"The Holy Ghost over the bent world broods," Hopkins tells us, but one place we might not expect Him is in the world of drama.
Theater often has a questionable reputation, Dr. Peter Kreeft writes in his new book, God on Stage: 15 Plays that Ask the Big Questions: “The institution of the theater has turned almost 180 degrees from religious to irreligious.”
Yet God’s presence unexpectedly is manifest in many of the greatest theater plays. If you’ve ever had an interest in the overlap of theater and faith, you won’t be able to put down God on Stage.
In God on Stage, renowned author and professor Peter Kreeft explores 15 great dramas and, within them, five great themes: life, death, suffering, religion, and damnation.
From classics like Oedipus the King and Hamlet to modern plays like Robert Bolt’s A Man for All Seasons and Cormac McCarthy’s The Sunset Limited, Kreeft draws vivid lessons on the big questions we all ask ourselves.
The things we long for
Kreeft masterfully reveals the profound themes in the plays, themes that show us what it means to be human.

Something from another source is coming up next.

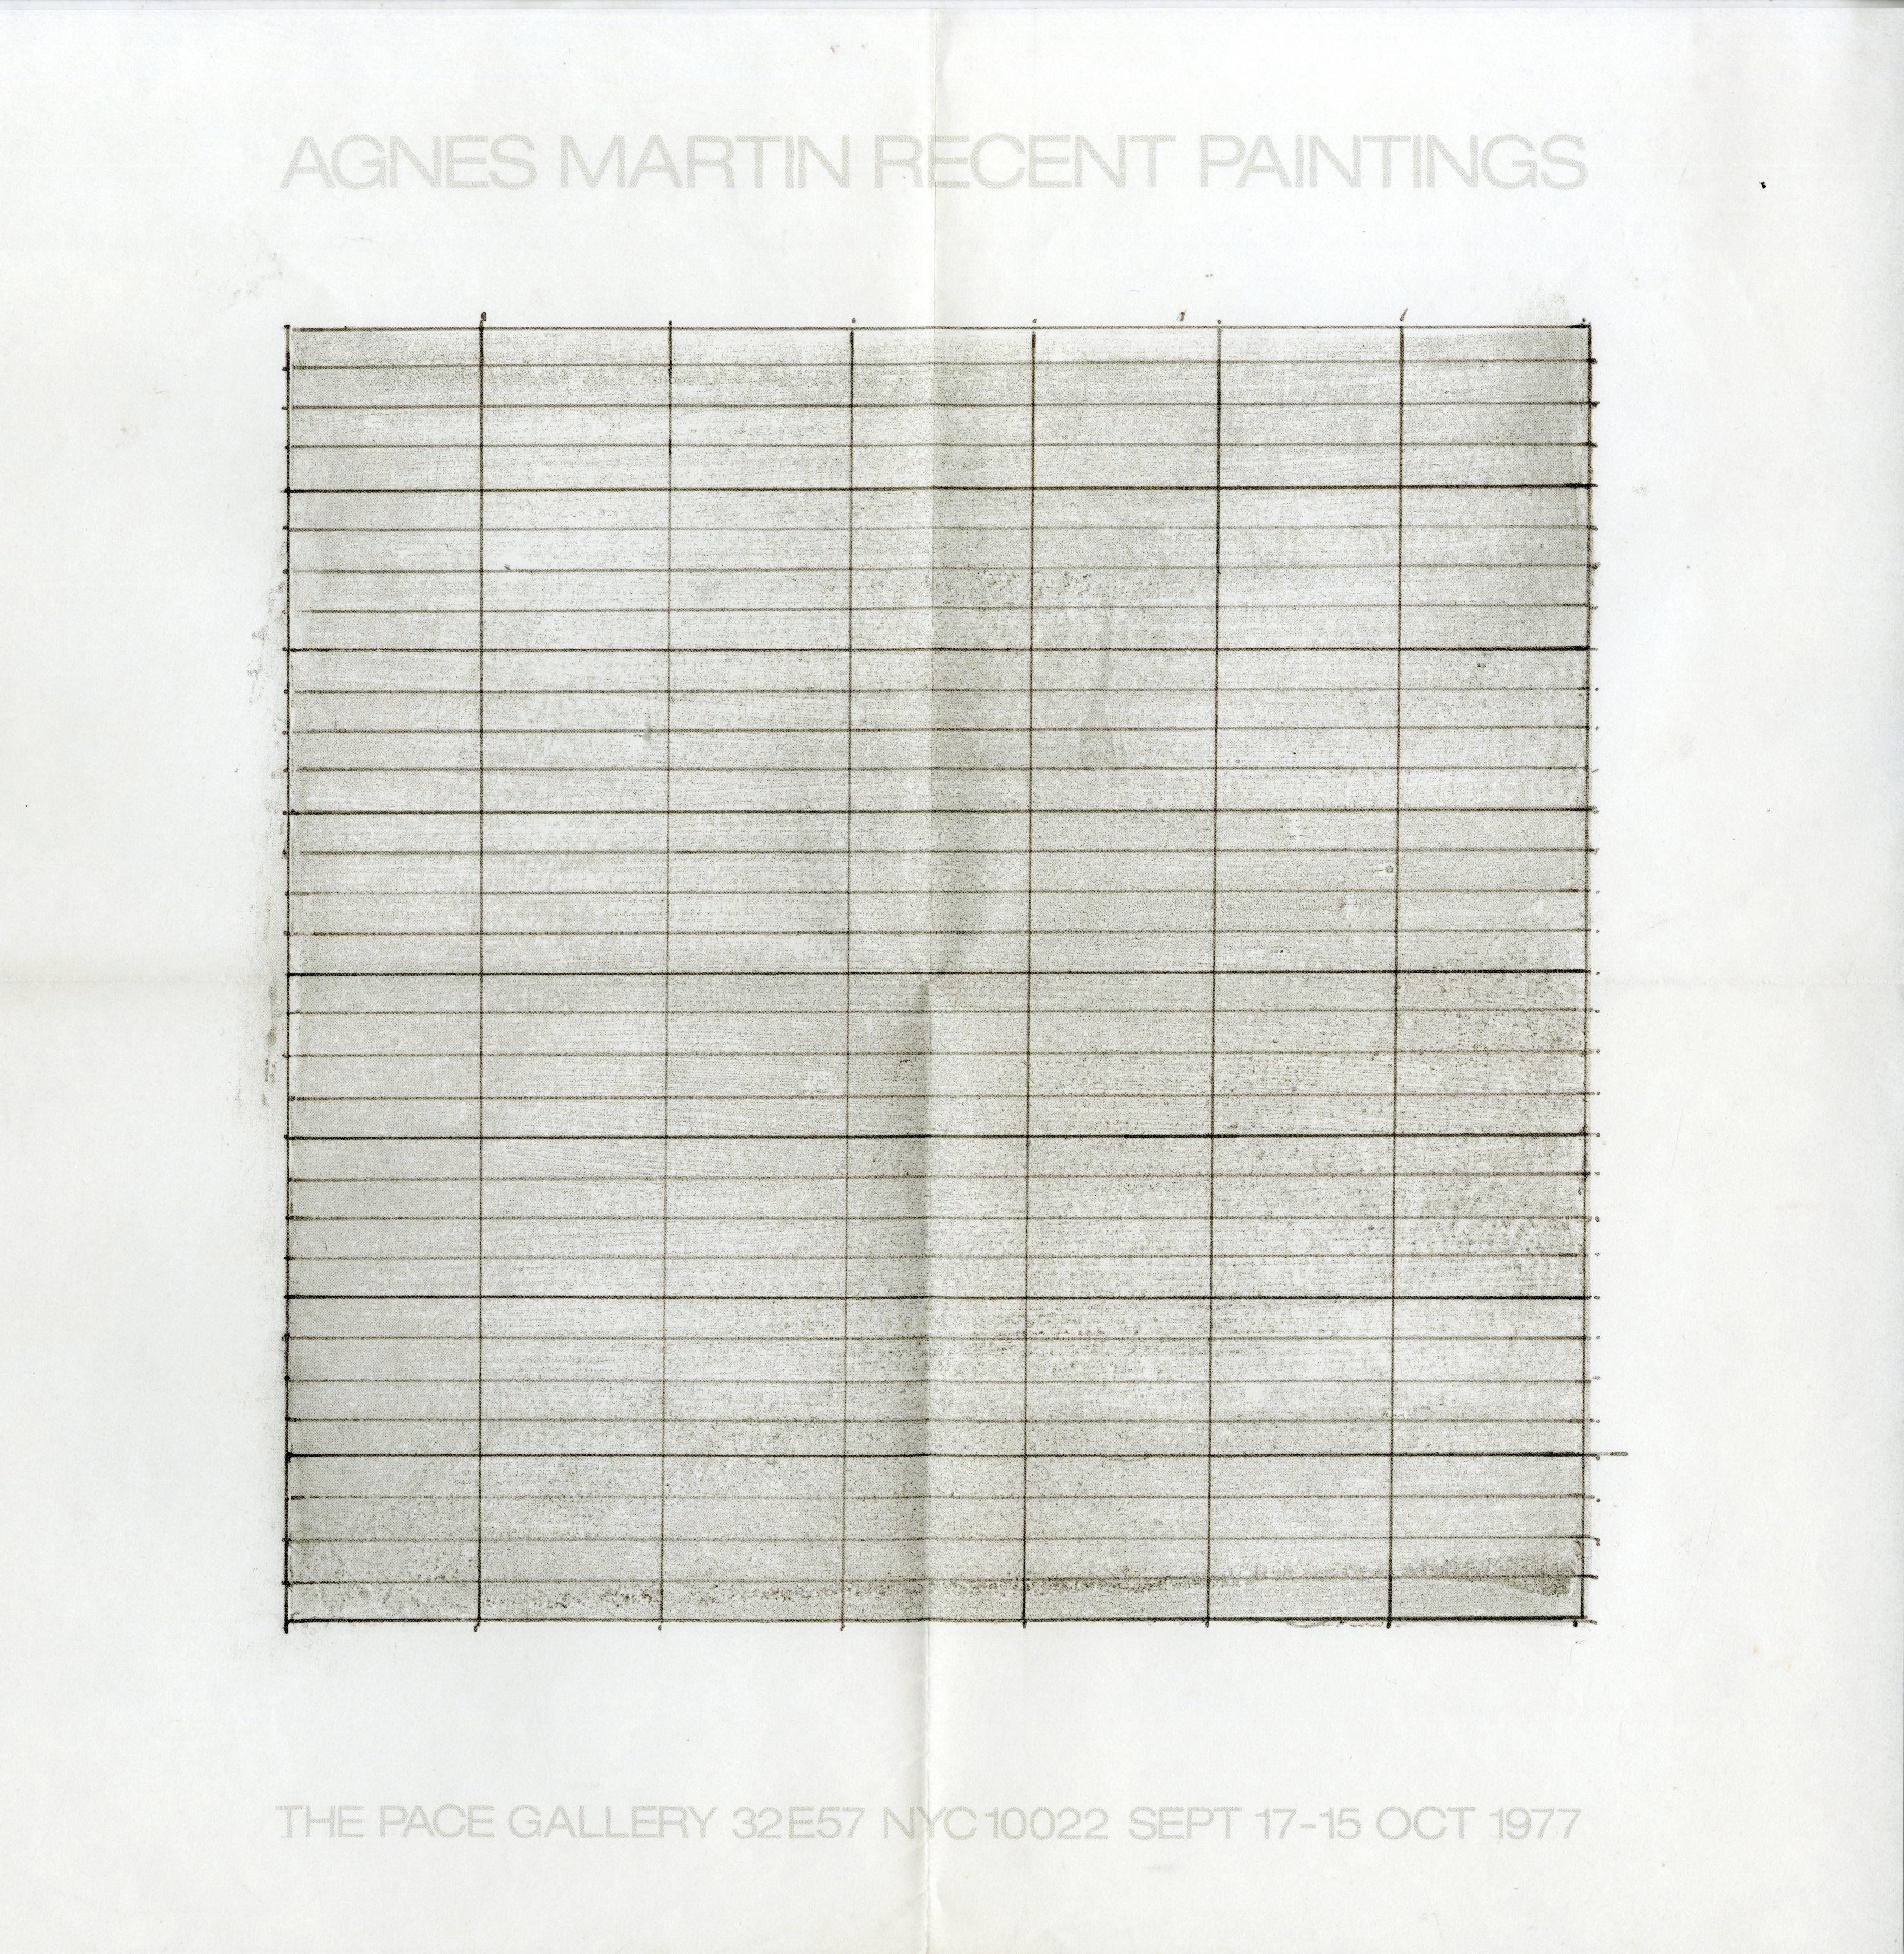 Agnes Martin Recent Paintings Limited Edition 1977 PACE Gallery invite sur vellum
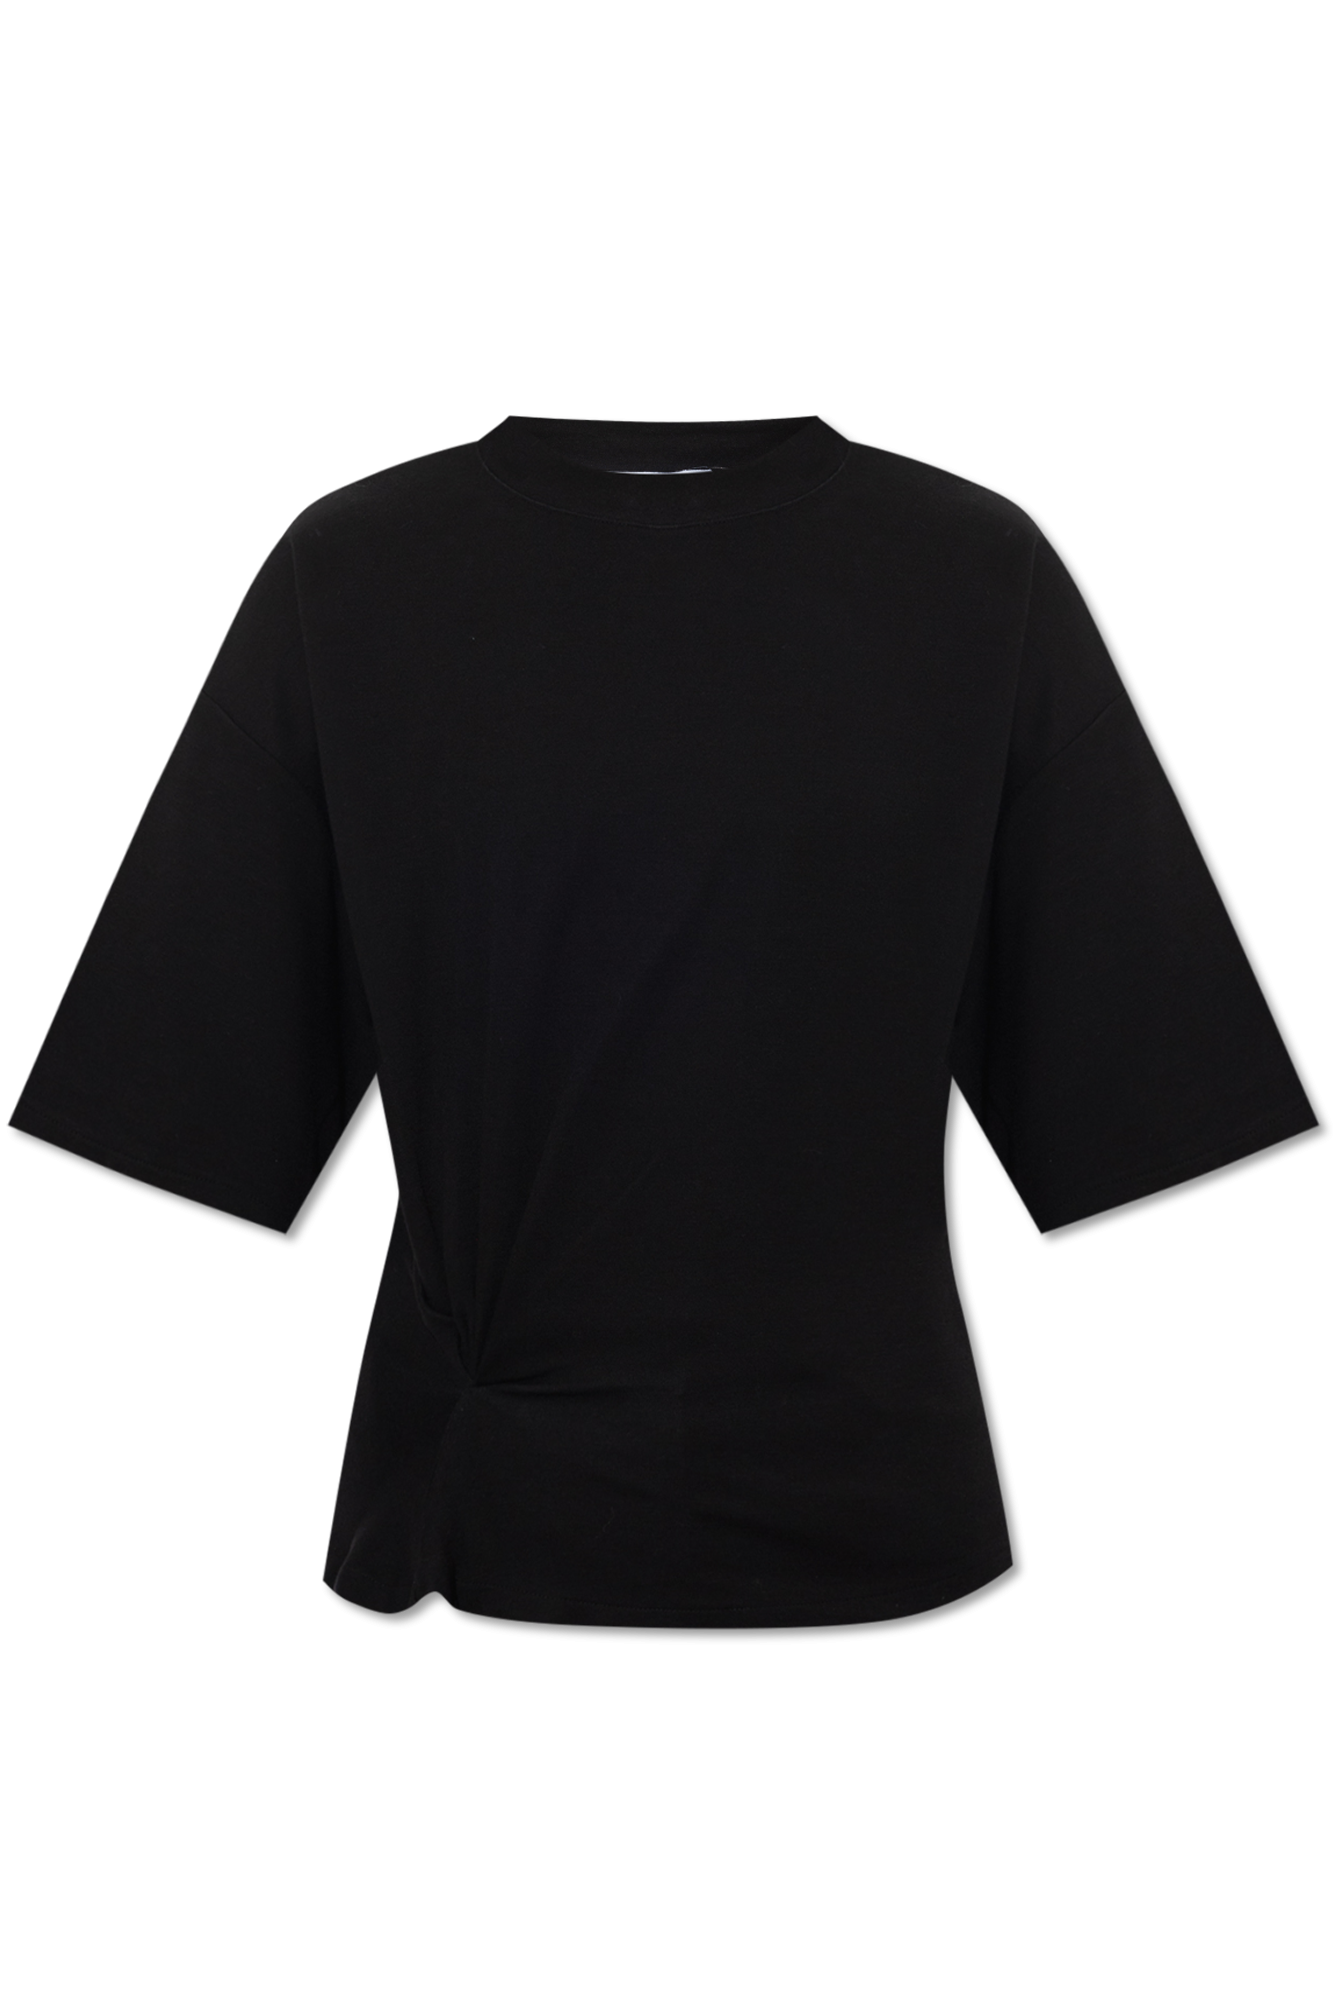 IetpShops Norway - Keep sweater T shirt this - Black refined crew with things - Iro \'Garcia\' white belts from

These 15 dramas, he writes, “will show you great gobs of the things that you, like every other member of the human species, long for most deeply and passionately: truth, goodness, and beauty and the joy in beauty.”
Watching these played out before our eyes, often in contrast to their opposites and enemies, helps us to appreciate them more keenly.
God is the playwright
Above all else, God on Stage unveils God’s role as creator of our lives: “A God-created universe is like an enormous and endlessly amazing work of art, and everything in a work of art reveals the artist,” Kreeft explains.
The divine artist reveals Himself in the dramas of our lives by the setting, the plot, the characters, and the theme. But what are the themes, the setting, and the plot of the drama in which we all act as characters in the cosmic story God is writing?
Part of that is still being uncovered for us — but we can understand it better and see the Holy Spirit at work through the great plays explored in God on Stage.